Polisi kemudian mengamankan beberapa barang bukti dari lokasi kejadian, antara lain:
* 1.650 kilogram tandan buah sawit (setelah ditimbang)
* 1 buah eggrek sepanjang 3 meter
* 1 buah loding
* 1 unit mobil Isuzu Panther hitam BN 8248 VP
Setelah menerima laporan, petugas Polsek Air Gegas tiba di lokasi sekitar pukul 19.30 WIB dan membawa pelaku serta barang bukti ke kantor polisi untuk pemeriksaan lebih lanjut.
Penangkapan Pelaku Kedua
Hasil penyelidikan menunjukkan bahwa aksi pencurian ini tidak hanya dilakukan oleh MI, tetapi juga oleh rekan pelaku berinisial JR (51), warga Desa Nibung. Pada Minggu (14/9/2025) sekitar pukul 15.00 WIB, Unit Reskrim Polsek Air Gegas berhasil menangkap JR di rumahnya tanpa perlawanan.

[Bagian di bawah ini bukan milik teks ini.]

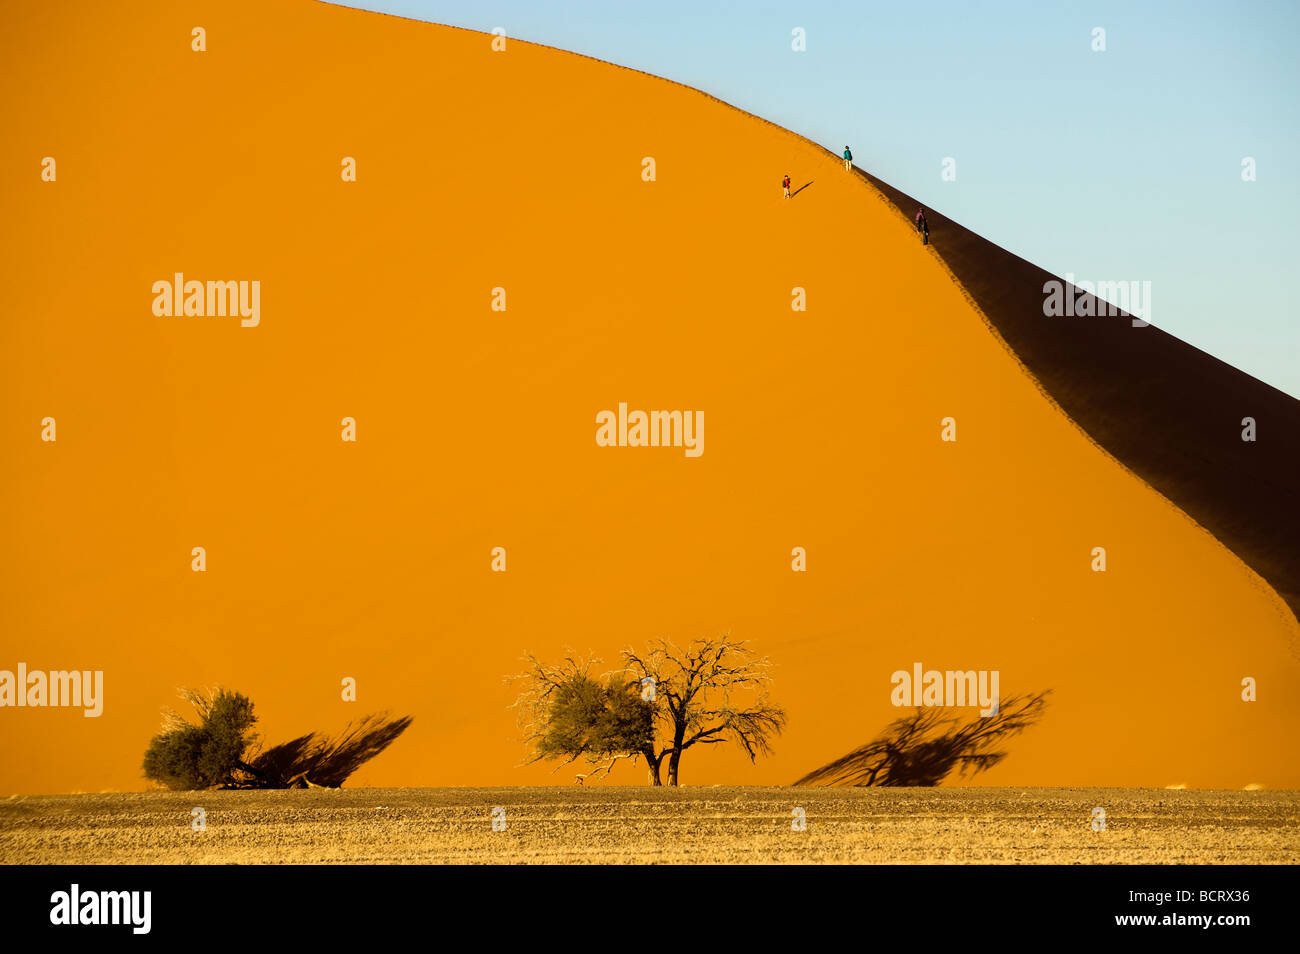 Afrique du Sud Namibie Sossusvlei sable de dune bush sec arbre ombre séché forme Vlei désert désert désert rude désert froid des déchets Banque D'Images

Motif dan Pasal yang Dikenakan
Berdasarkan hasil pemeriksaan, motif kedua pelaku adalah untuk memenuhi kebutuhan ekonomi. Modus operandi mereka adalah dengan memanen sawit menggunakan alat eggrek, lalu mengangkutnya menggunakan mobil.
Atas perbuatannya, kedua tersangka dijerat dengan Pasal 363 KUHP ayat 1 ke-4 dan ke-5 tentang pencurian dengan pemberatan. Keduanya kini ditahan di Rutan Polsek Air Gegas untuk proses hukum lebih lanjut.
Kasus pencurian sawit ini menjadi salah satu contoh tindakan kriminal yang meningkat di Bangka Selatan, khususnya di tengah tekanan ekonomi yang semakin besar. Masyarakat diimbau untuk meningkatkan kewaspadaan terhadap aset perkebunan dan segera melapor jika menemukan aktivitas mencurigakan di lingkungan sekitar.